The survey questionnaire was divided into segments of three. The first section (A) was demographic questions; the second section (B) evaluated the two independent variables and one dependent variable, and in the third section (C) dependent factor learning performance was evaluated through a quiz developed by the subject expert.
Section A comprises of six questions regarding participants’ general information that included gender, ethnicity, age and whether they have used any educational AR application before or not. All the questions in this section were self-designed.
Section B evaluates the variables of the research framework comprised of self-developed and adopted questions from multiple sources. Independent variable human-human interaction measurement questions were self-developed.

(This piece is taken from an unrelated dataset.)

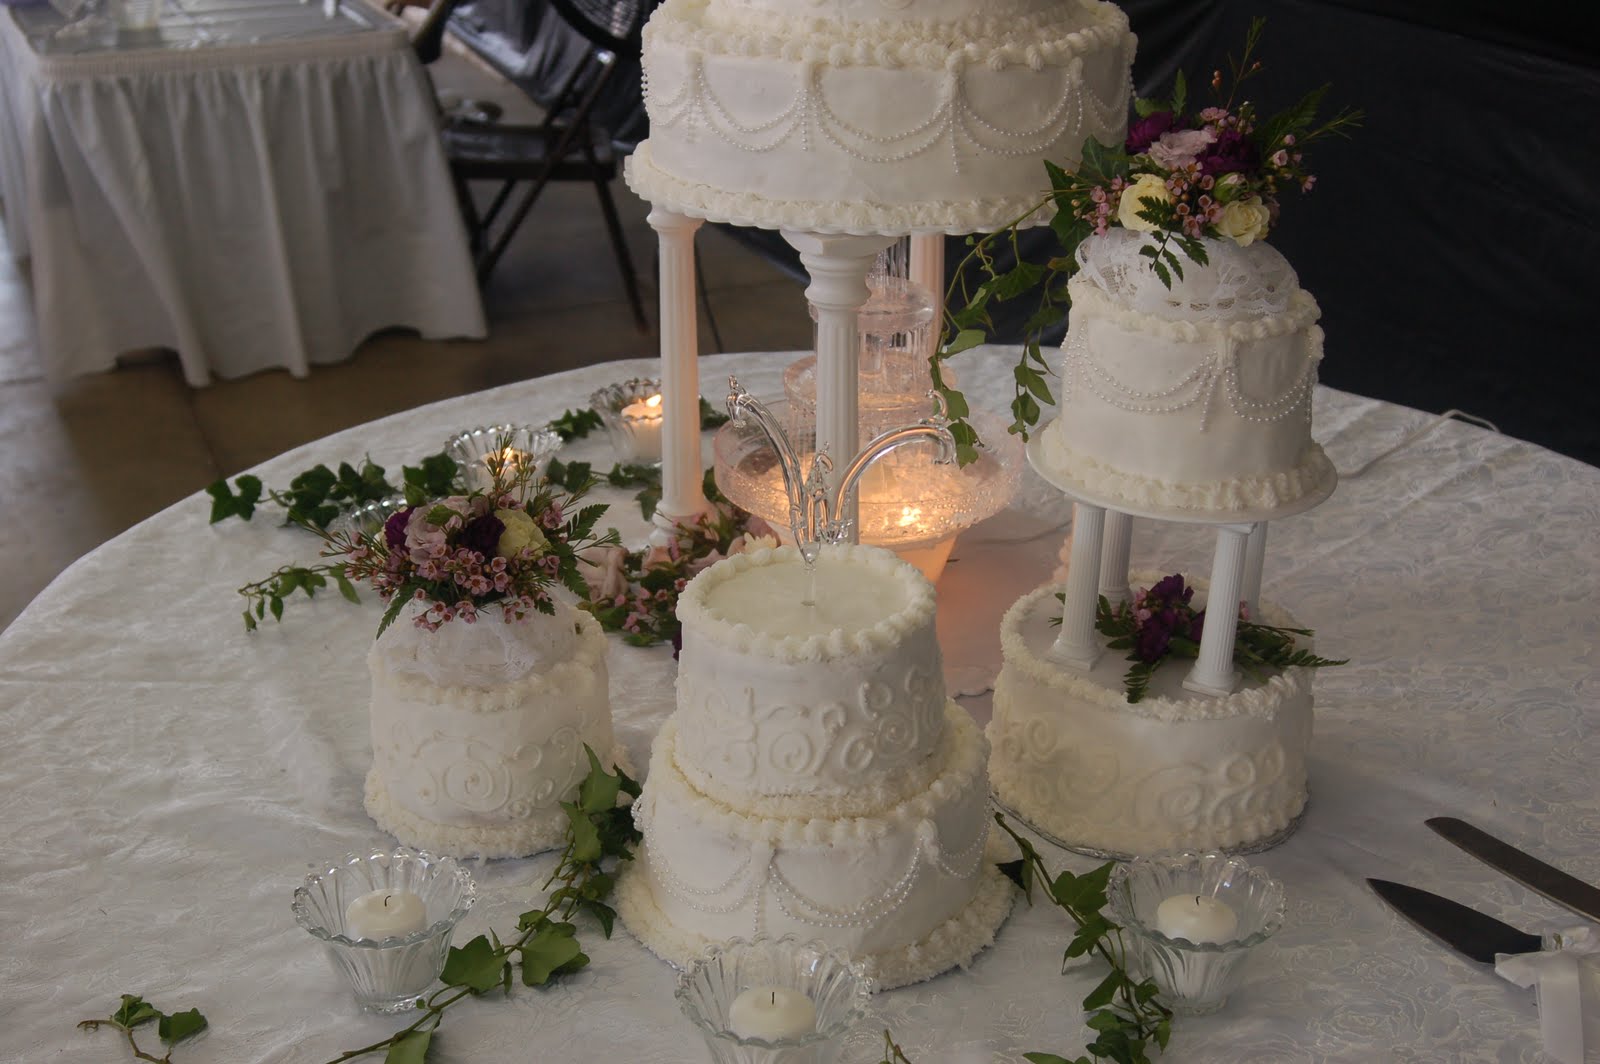 beautiful wedding cake tiers w

Human-human interaction questions were formed based on the idea of peer-peer interaction and student-teacher interaction shown in Table 3.
For the second independent variable human-system interaction the questions were adapted from Sumadio and Rambli30 and are depicted in Table 4.
The learning experience variable was evaluated based on the adopted questionnaire from31 shown in Table 5 and also from the self-developed questionnaire listed in Table 6.
Section C was developed by a calculus subject expert in evaluating learning performance via a quiz. The quiz included True/False and formative questions.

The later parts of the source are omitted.